When you copy the data, keep every line exactly as written and skip the pictures.
DATA SECTION START
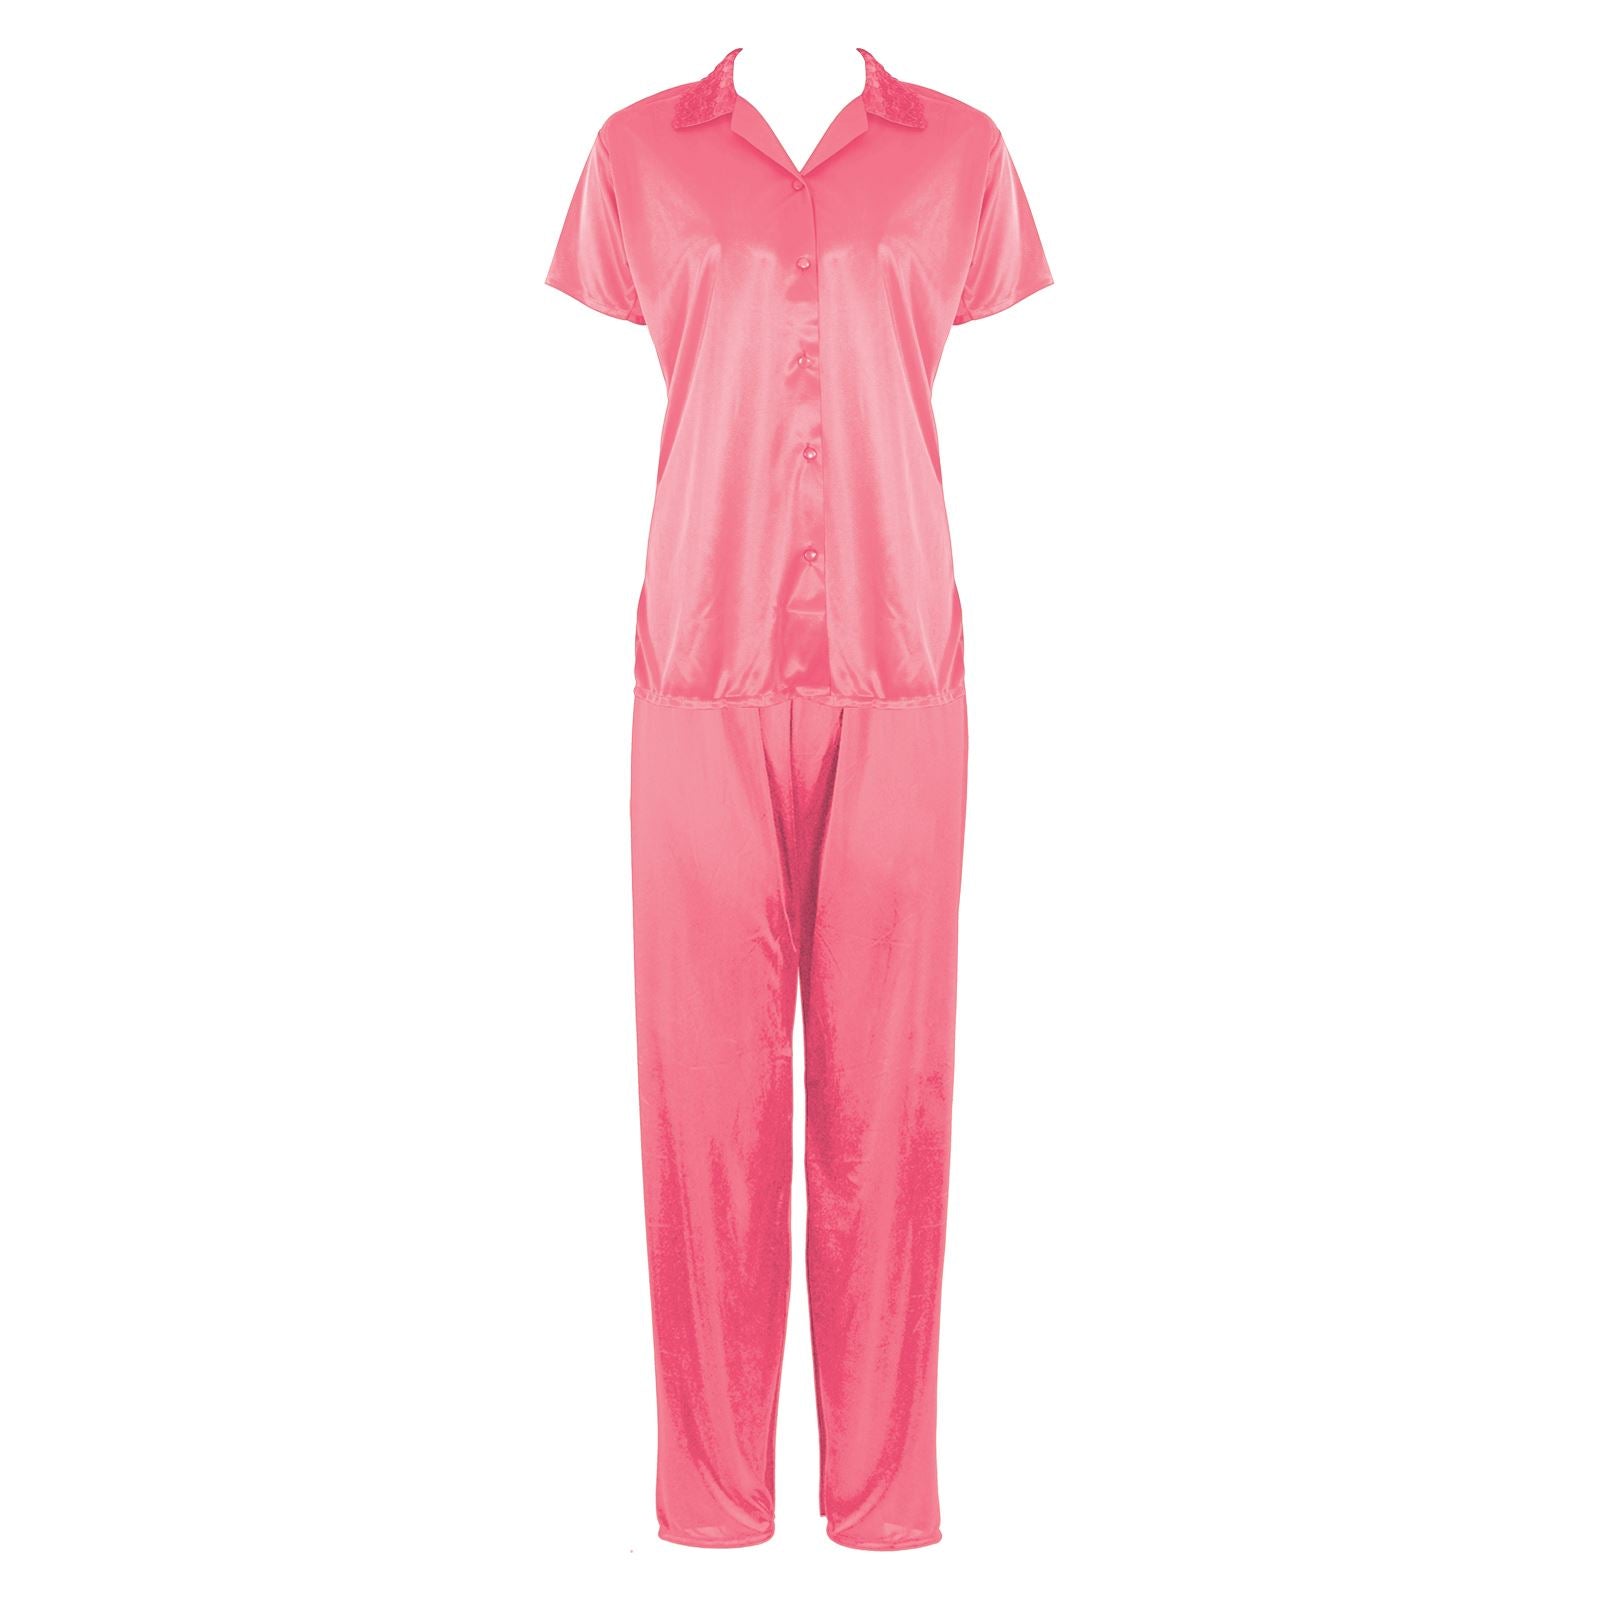 Coral Pink / One Size Satin Pyjama Set With Bedroom Sleepers The Orange Tags
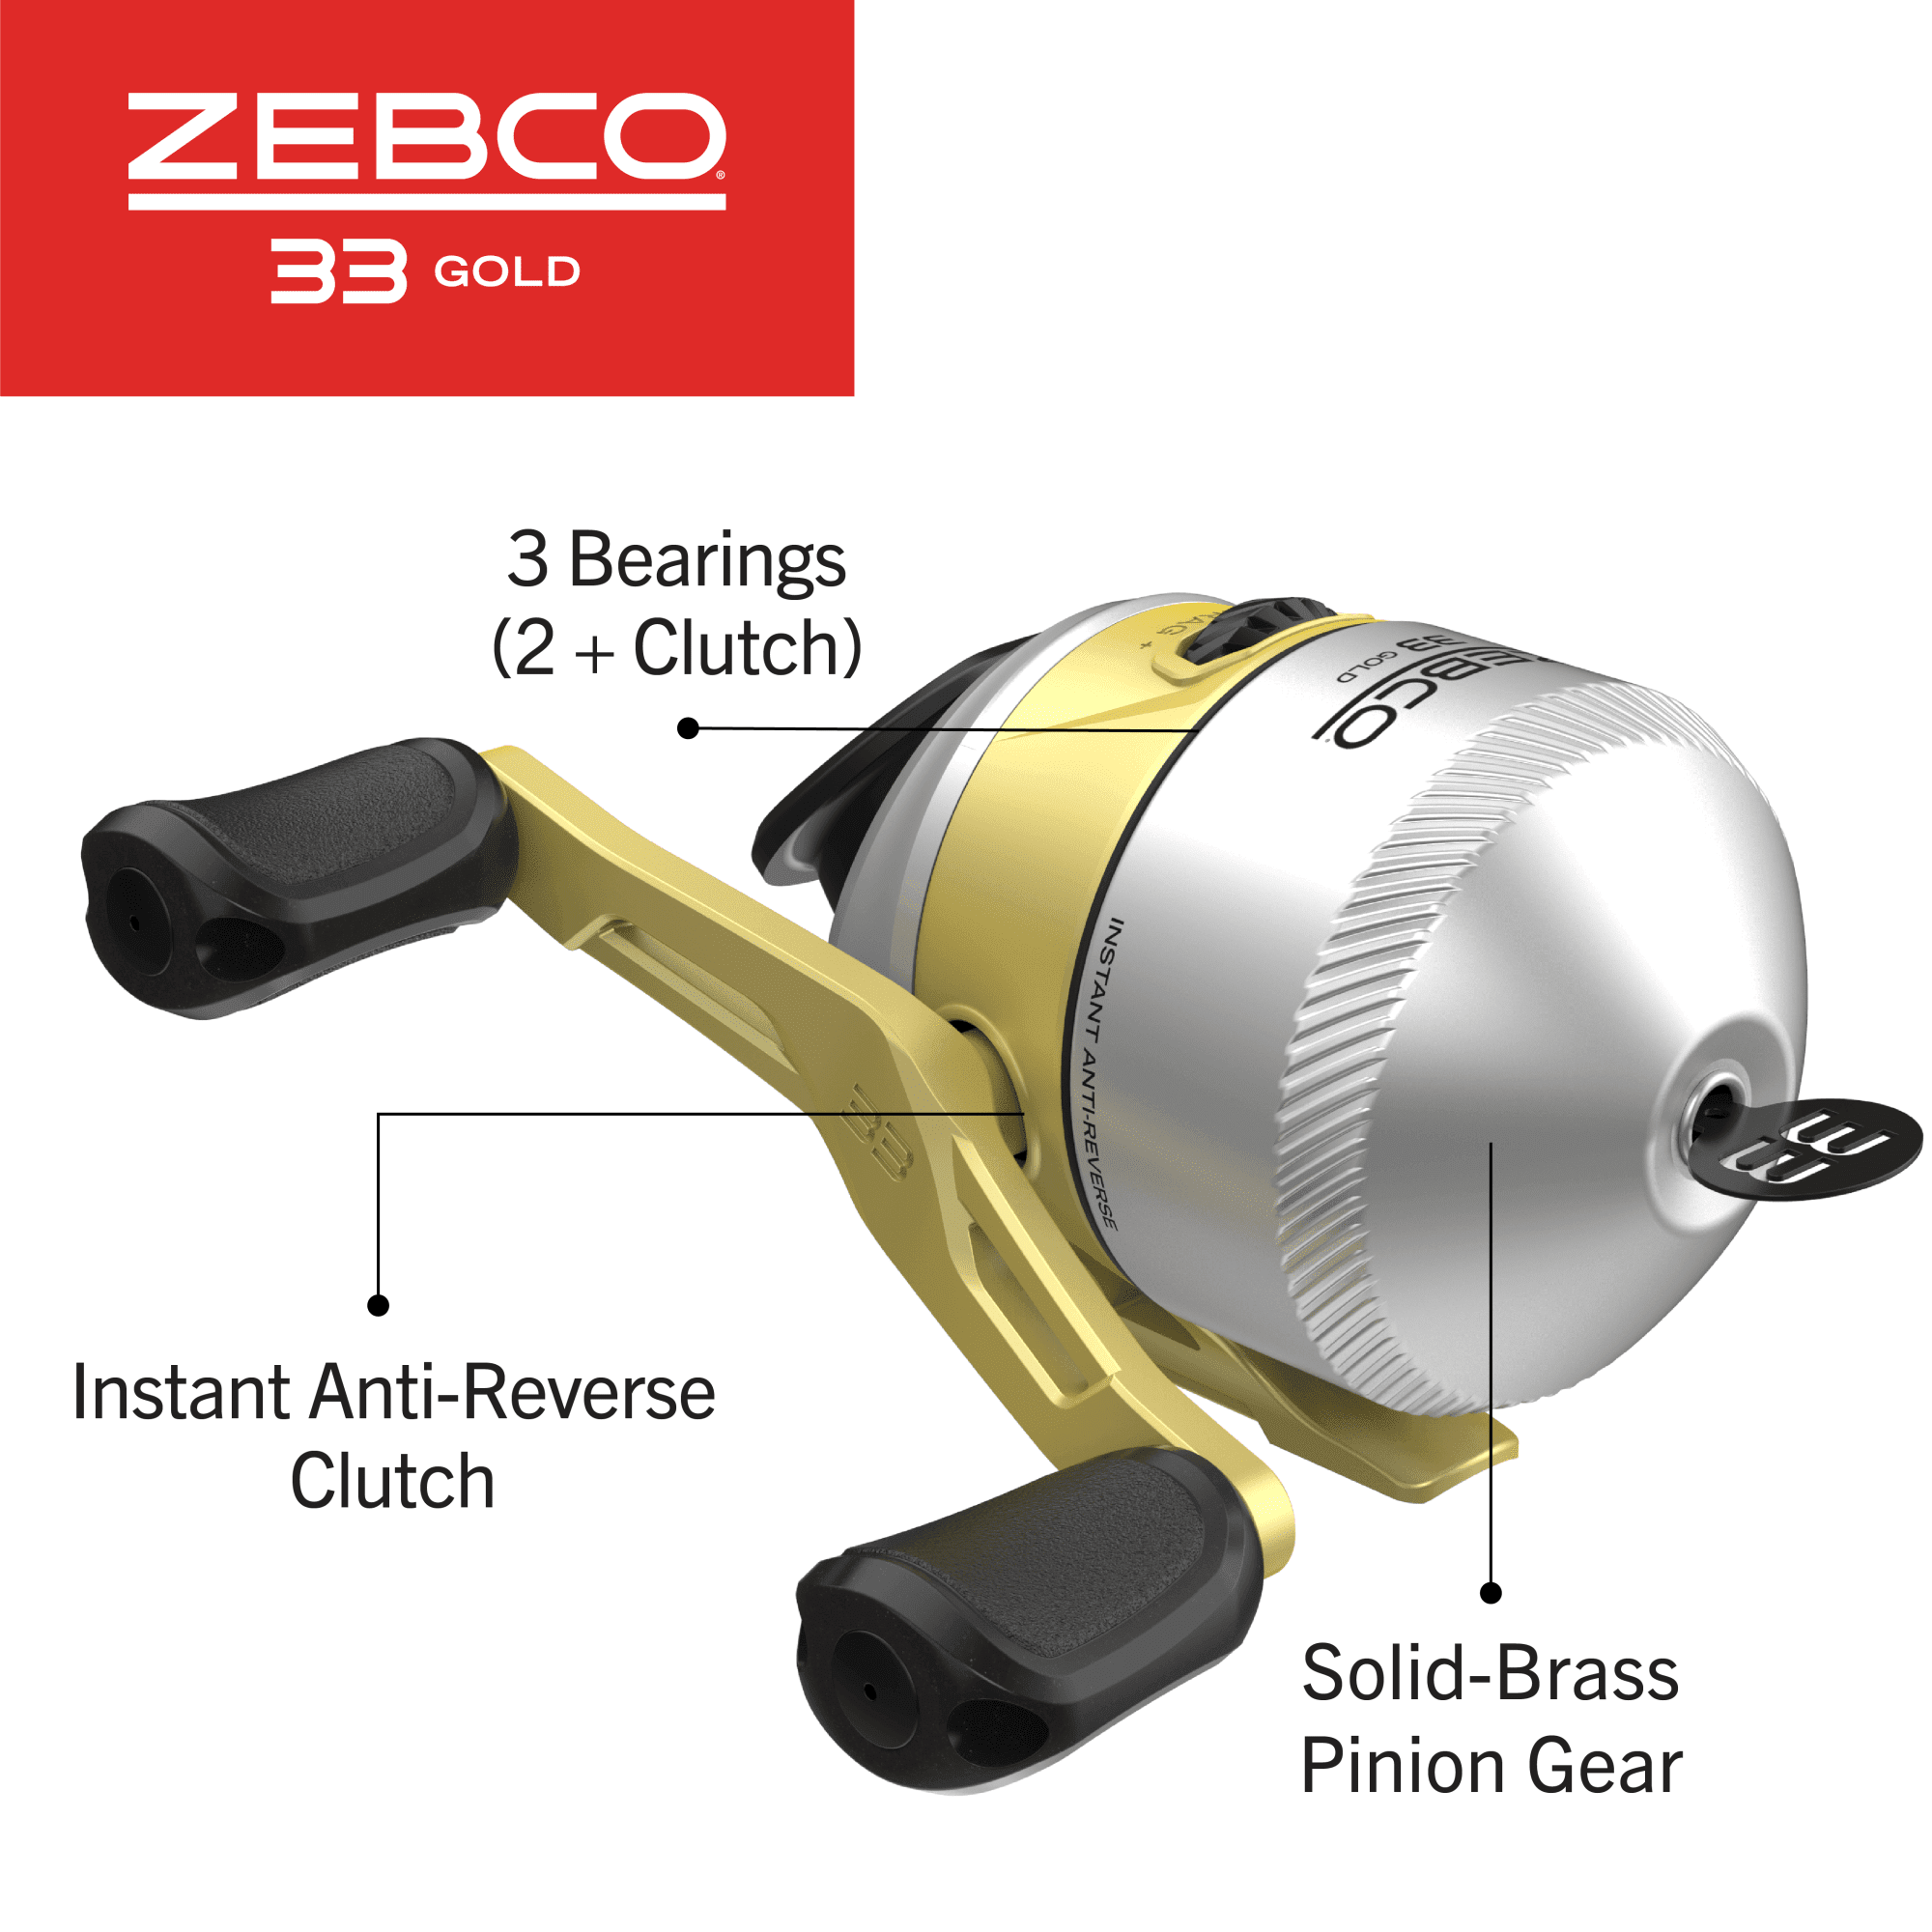 The Ultimate Reel for Success: Zebco 33 Review 
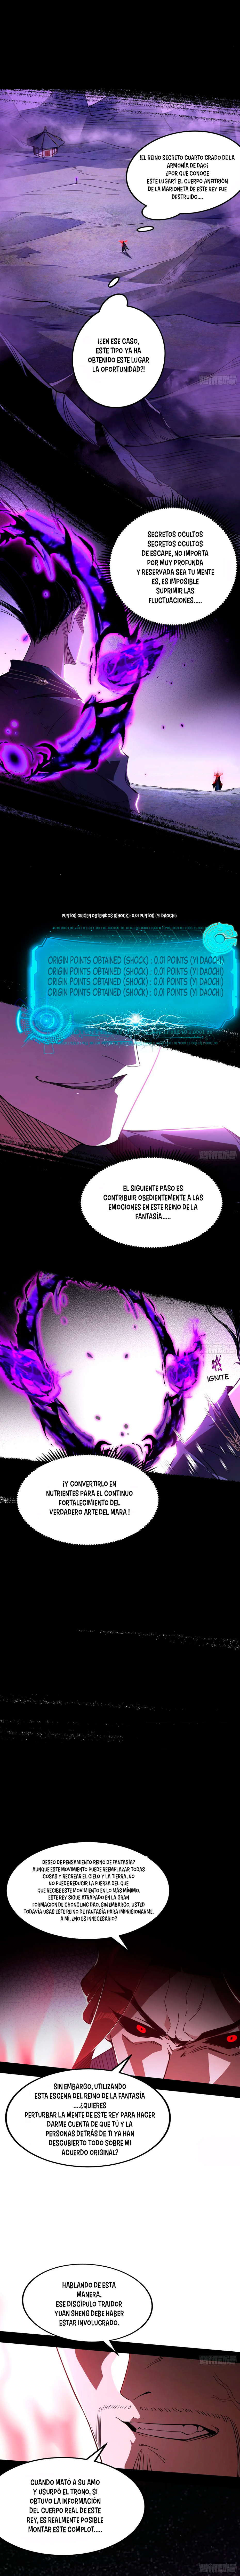 Manga Soy un dios maligno Chapter 308 image number 5
DATA SECTION END
◆ EXERCISE ANSWER
 Coral Pink / One Size Satin Pyjama Set With Bedroom Sleepers The Orange Tags
 The Ultimate Reel for Success: Zebco 33 Review 
 Manga Soy un dios maligno Chapter 308 image number 5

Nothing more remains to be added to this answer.